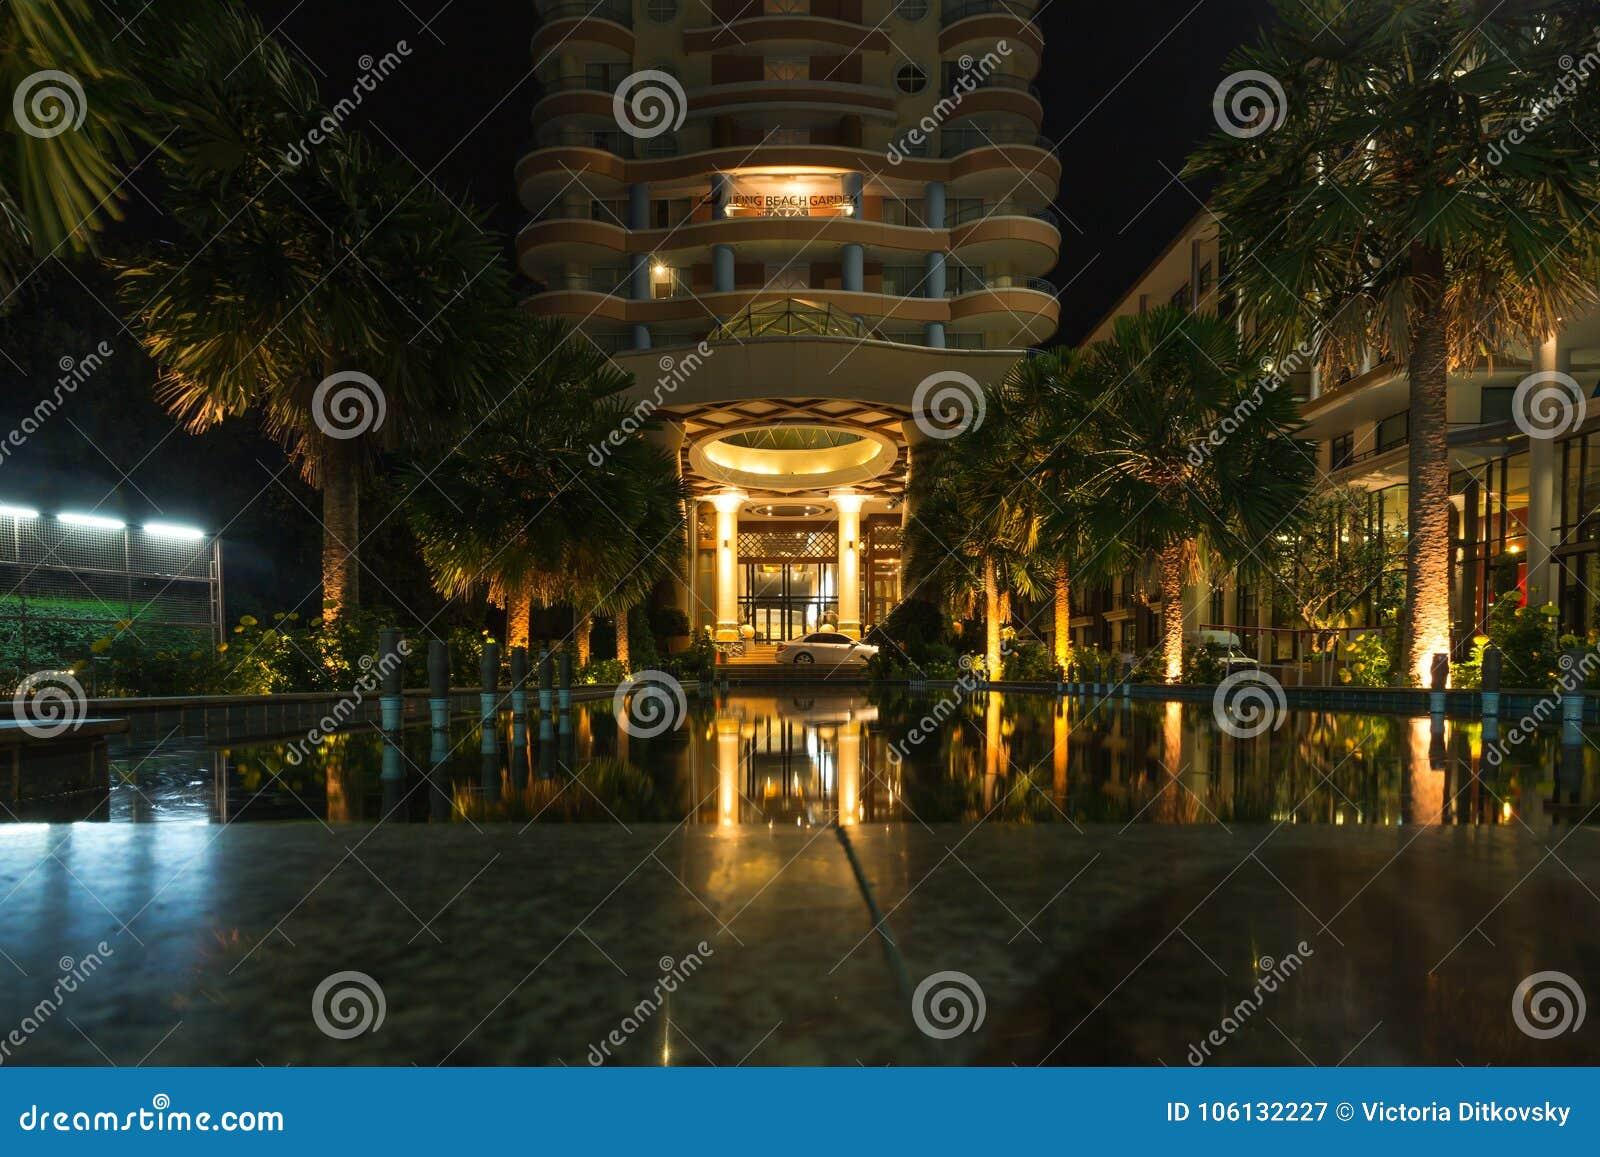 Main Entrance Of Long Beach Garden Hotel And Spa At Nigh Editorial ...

· · · ·

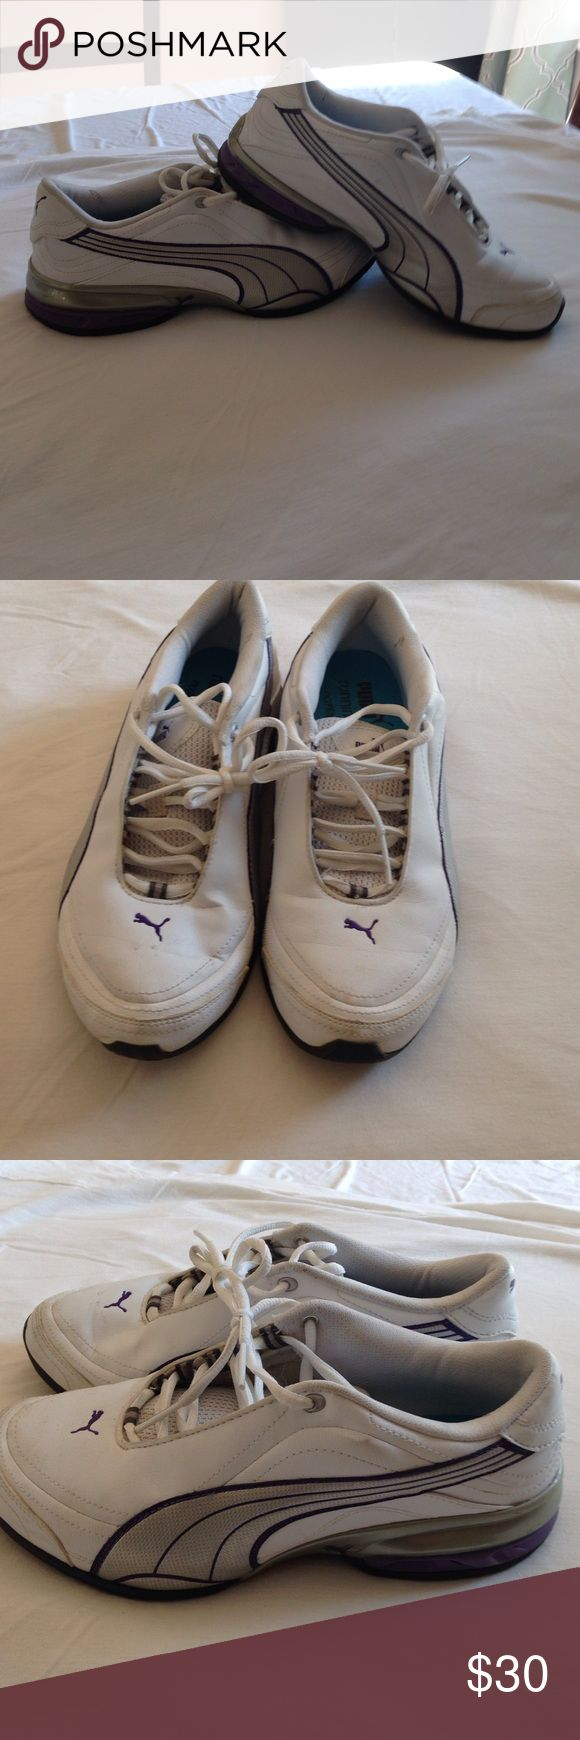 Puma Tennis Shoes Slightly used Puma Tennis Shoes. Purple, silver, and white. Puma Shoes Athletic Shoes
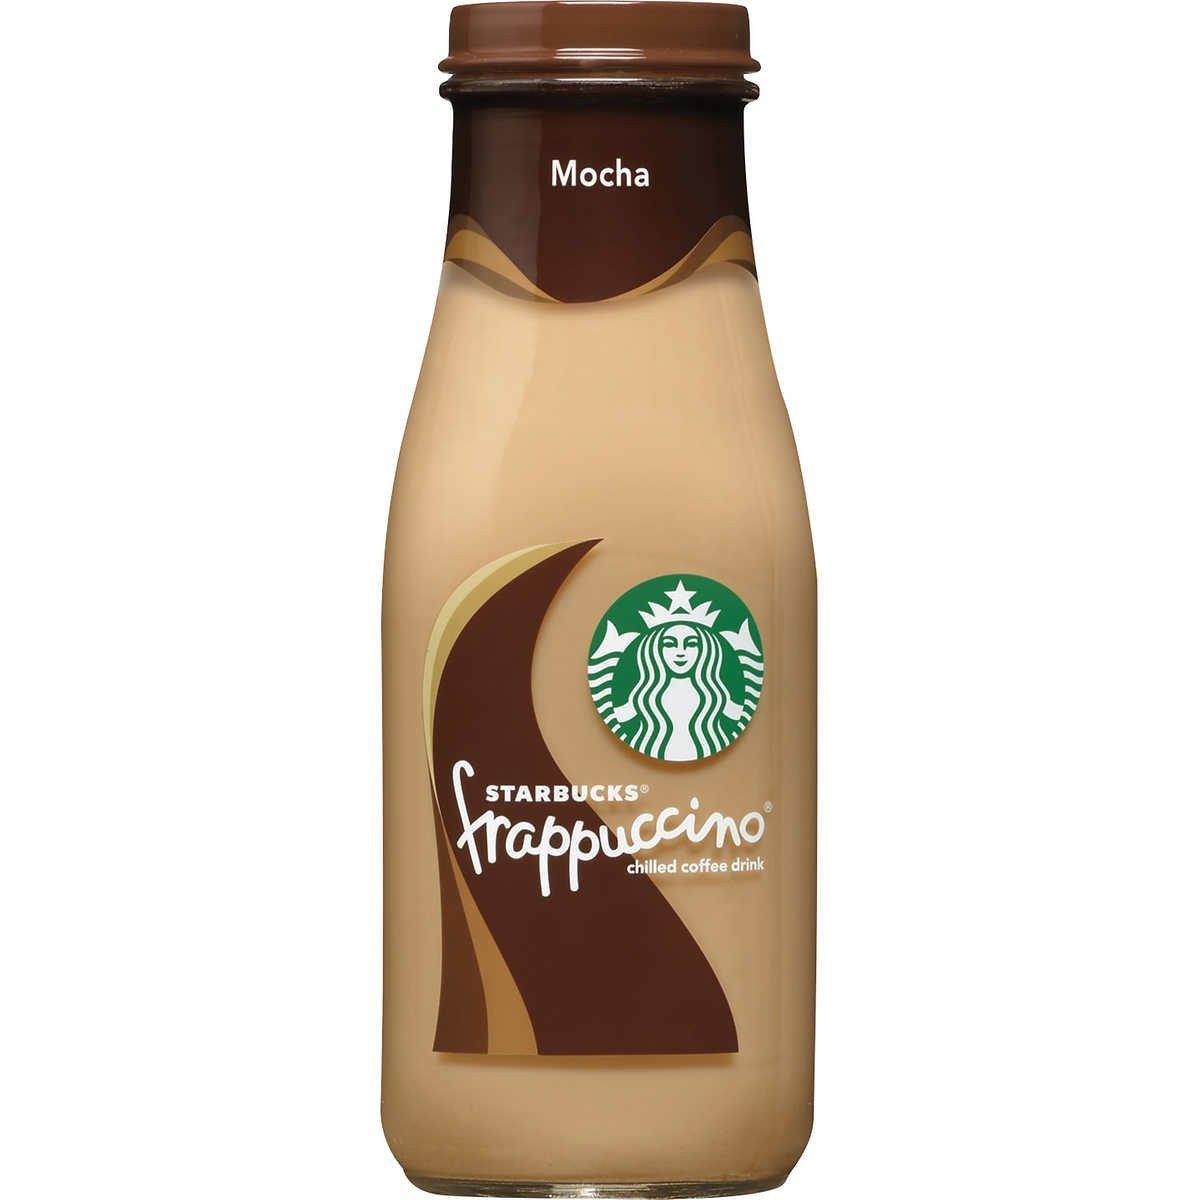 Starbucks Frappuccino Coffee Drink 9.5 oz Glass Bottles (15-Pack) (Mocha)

· · · ·

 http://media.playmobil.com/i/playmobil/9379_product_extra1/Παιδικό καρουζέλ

· · · ·

Nothing but the lines from the one with "Puma Tennis Shoes Slightly" to the one with "Starbucks Frappuccino Coffee" above, both included, should be transcribed, exactly and without pictures.

### Reply:
 Puma Tennis Shoes Slightly used Puma Tennis Shoes. Purple, silver, and white. Puma Shoes Athletic Shoes
 Starbucks Frappuccino Coffee Drink 9.5 oz Glass Bottles (15-Pack) (Mocha)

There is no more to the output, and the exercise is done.